__WHAT IS EXPECTED__: In this exercise, the entries below include pictures. Repeat exactly the lines from the line with "Newly engaged Amy" to the line with "Willow Fallout 3", including both, but without the pictures.

__EXERCISE INPUTS__:
* * * * * * *
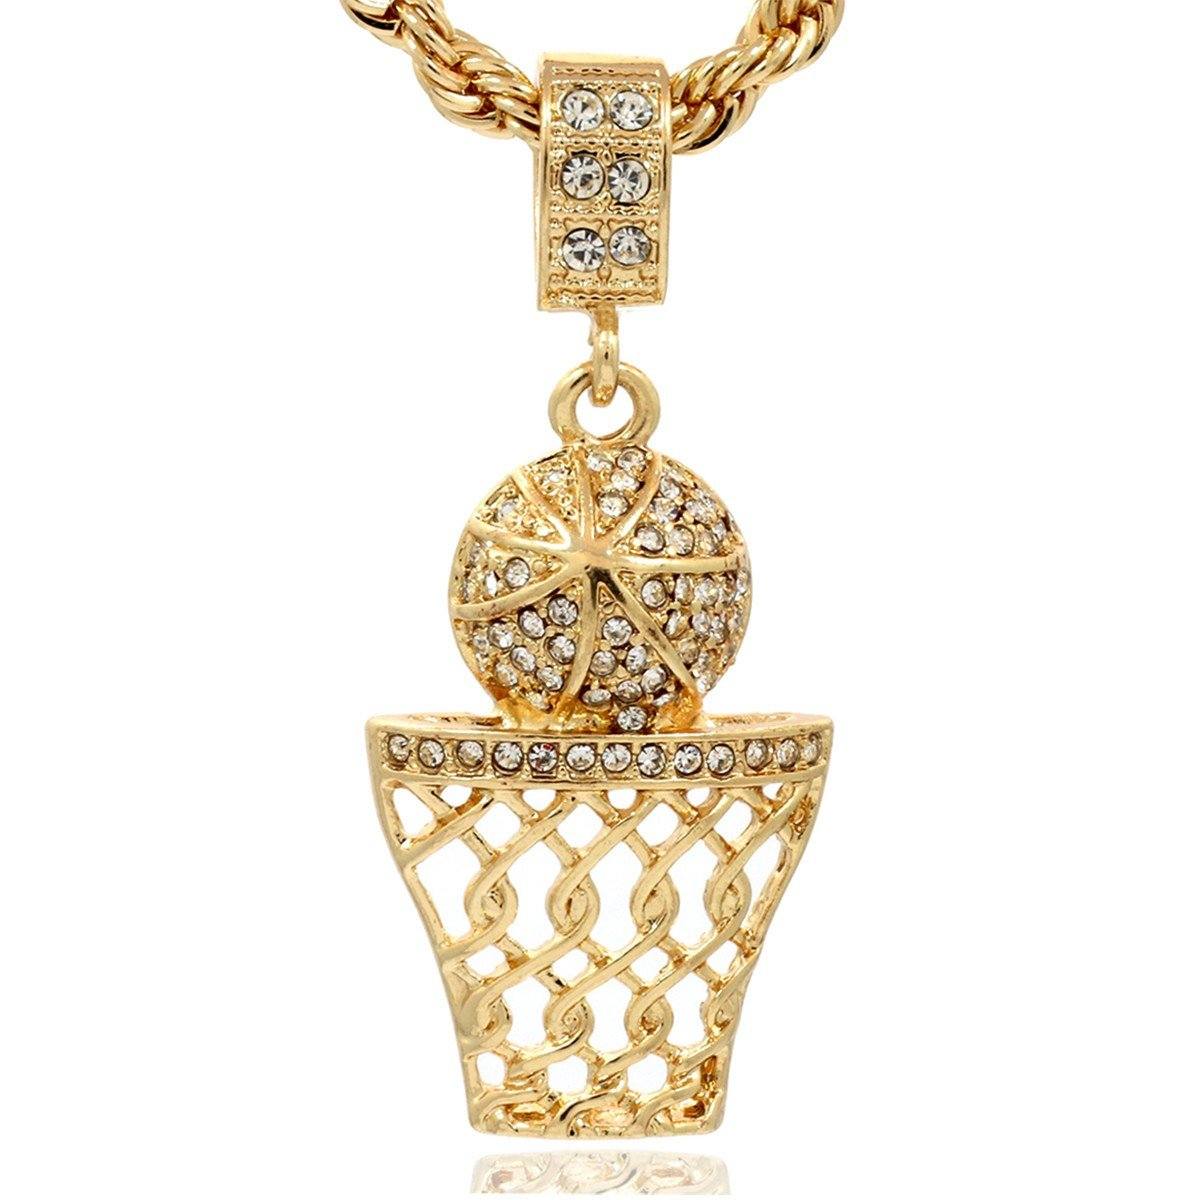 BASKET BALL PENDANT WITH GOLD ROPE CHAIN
* * * * * * *
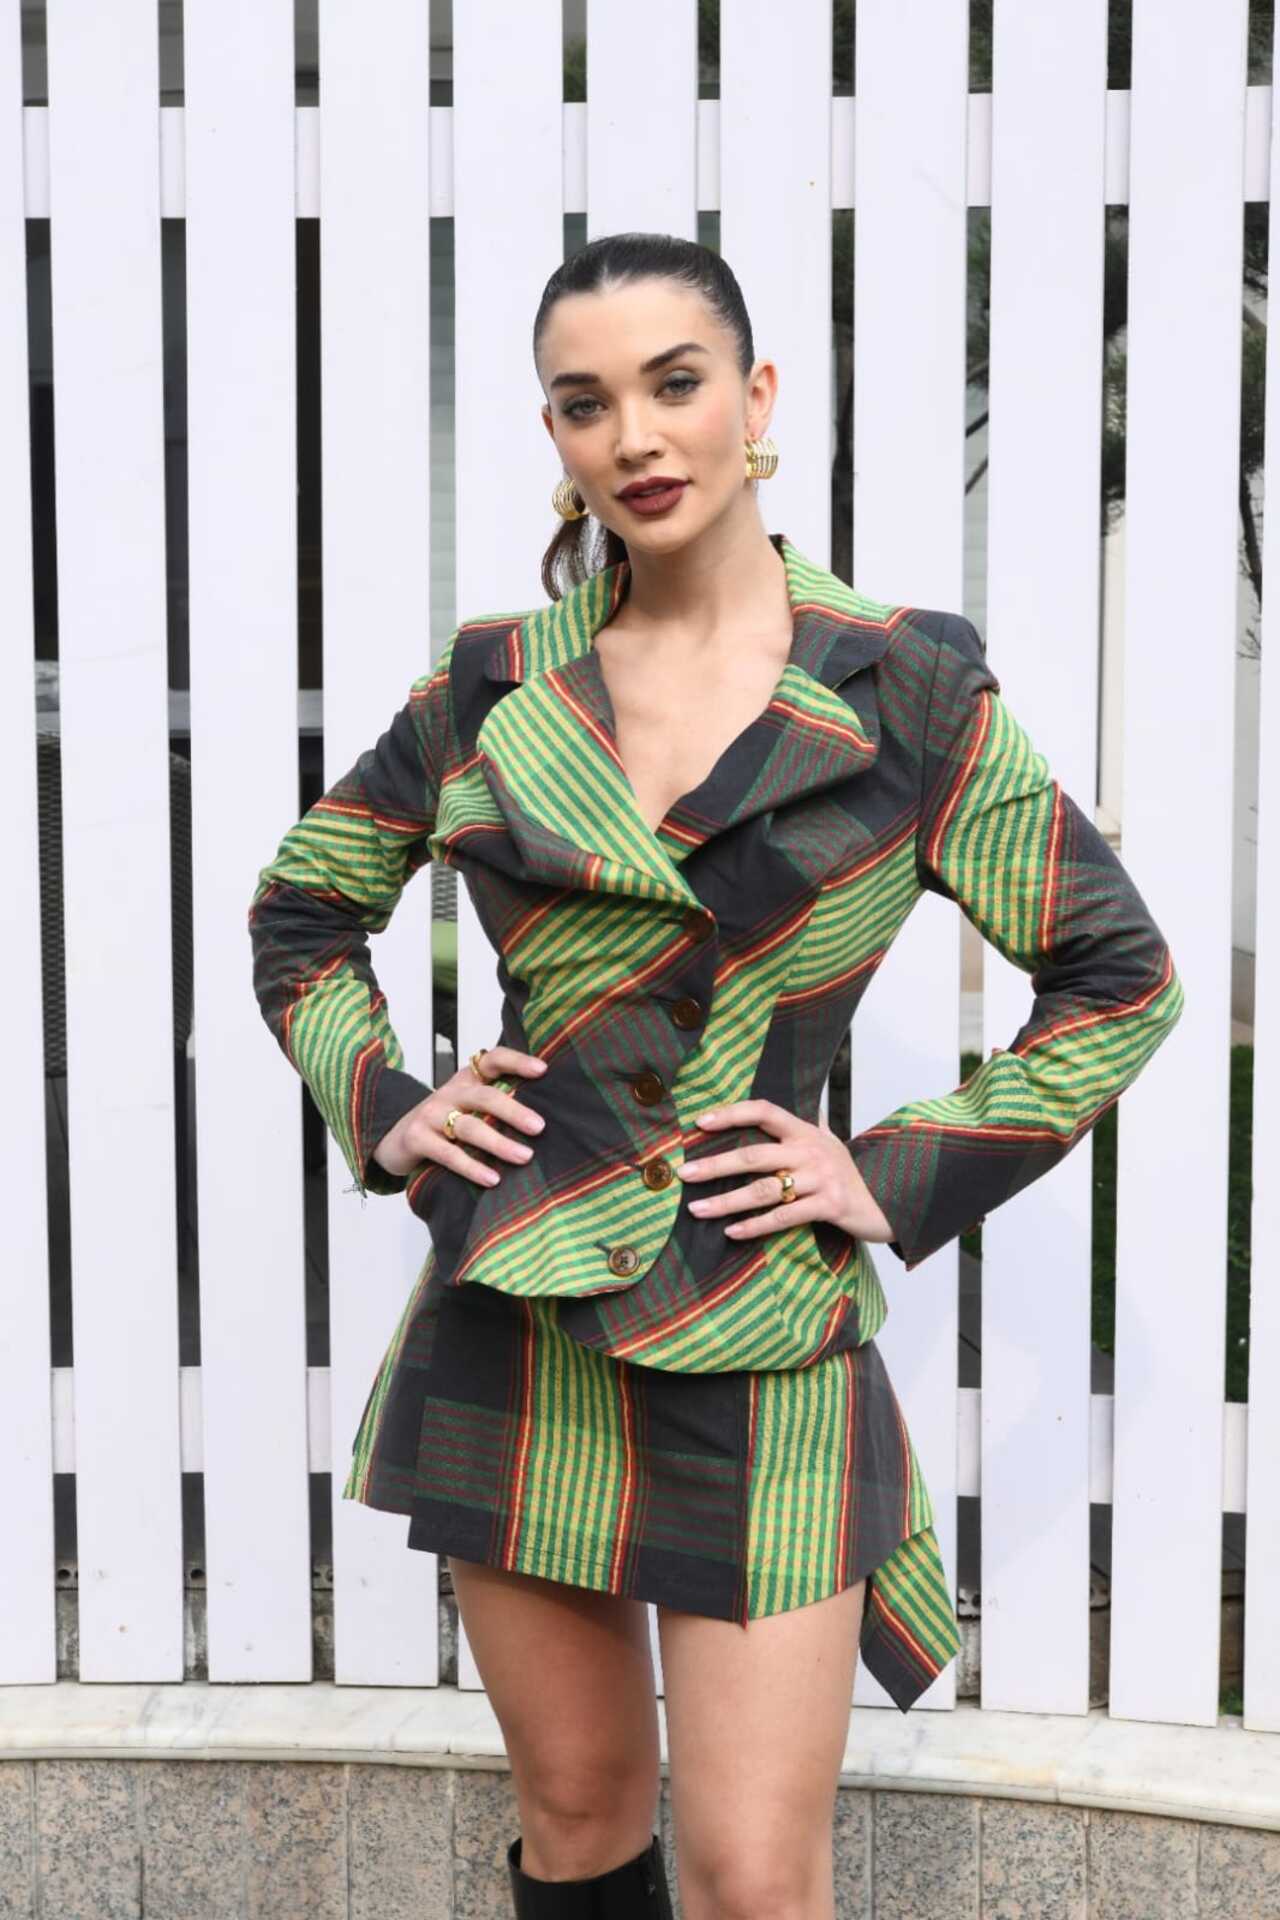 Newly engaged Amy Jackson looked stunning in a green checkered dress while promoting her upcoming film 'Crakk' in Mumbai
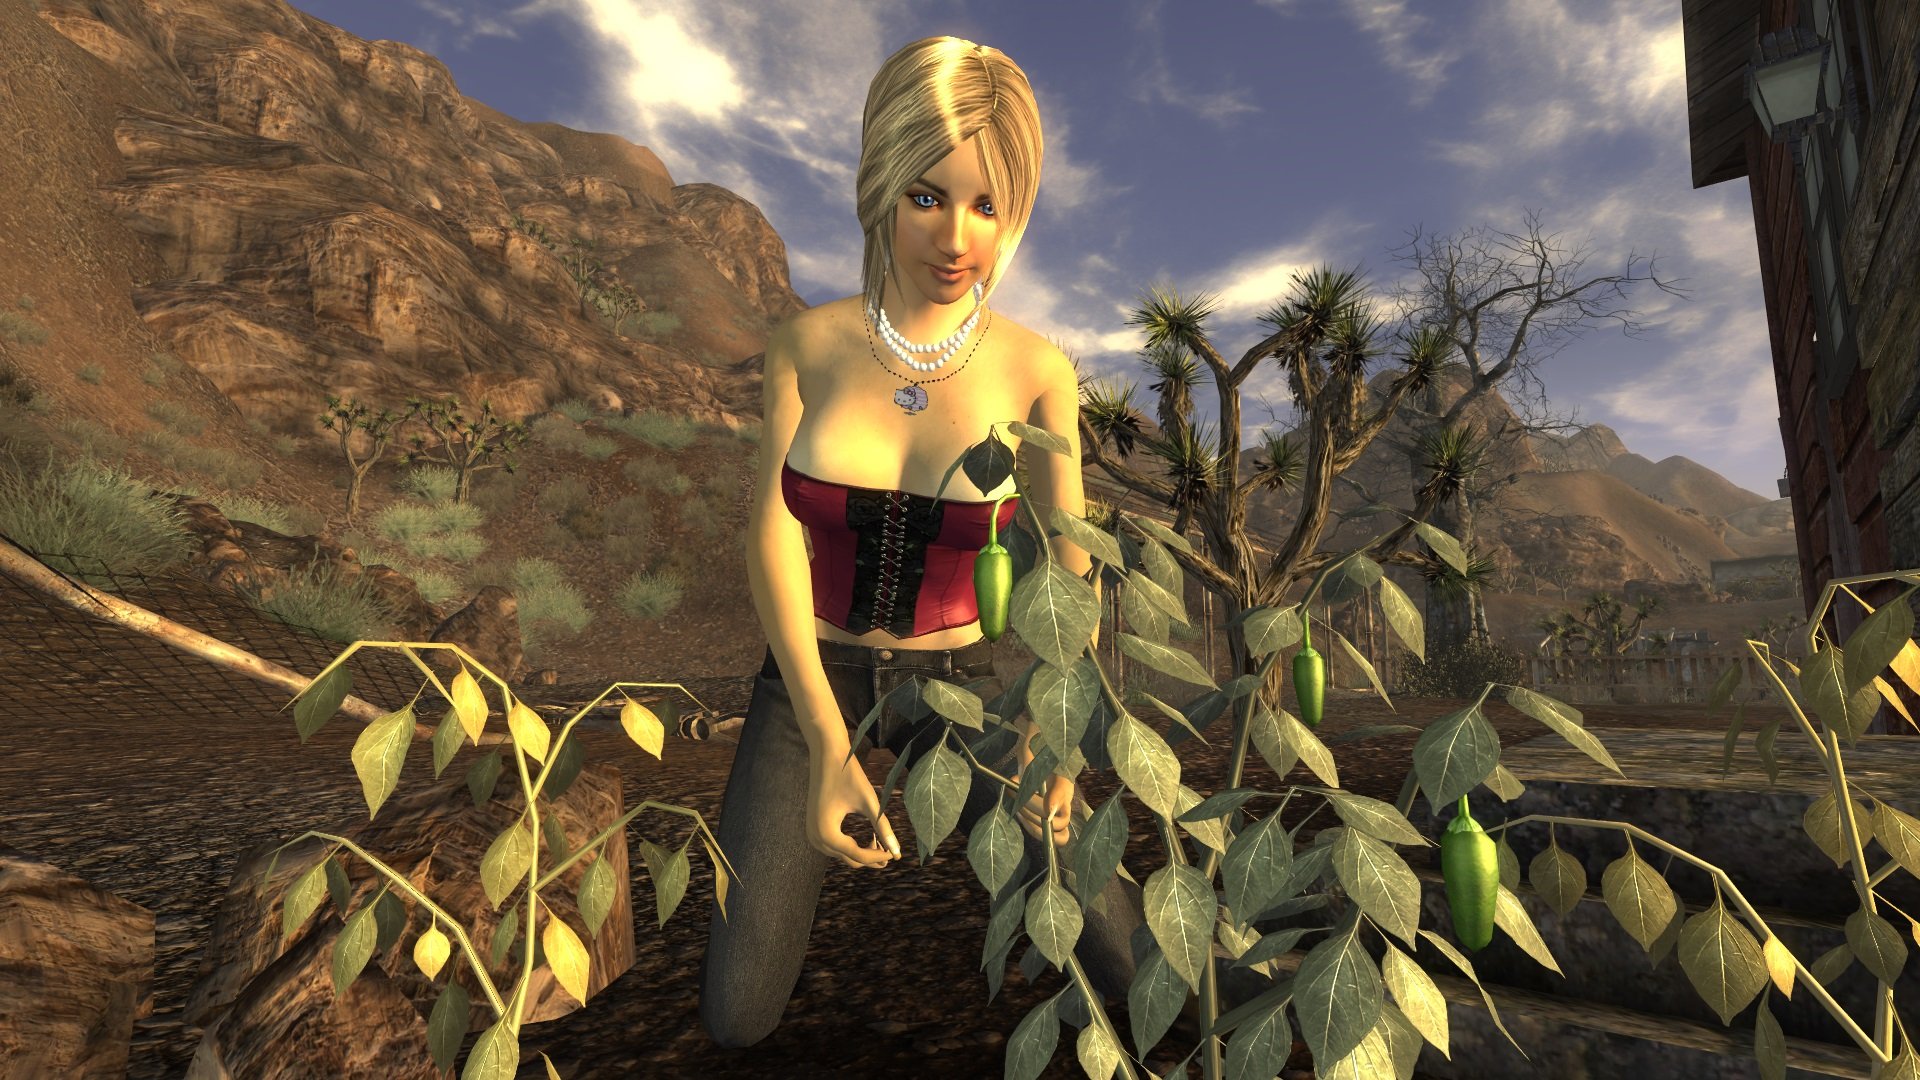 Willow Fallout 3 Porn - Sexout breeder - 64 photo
* * * * * * *
__WRITTEN RESPONSE__:
 Newly engaged Amy Jackson looked stunning in a green checkered dress while promoting her upcoming film 'Crakk' in Mumbai
 Willow Fallout 3 Porn - Sexout breeder - 64 photo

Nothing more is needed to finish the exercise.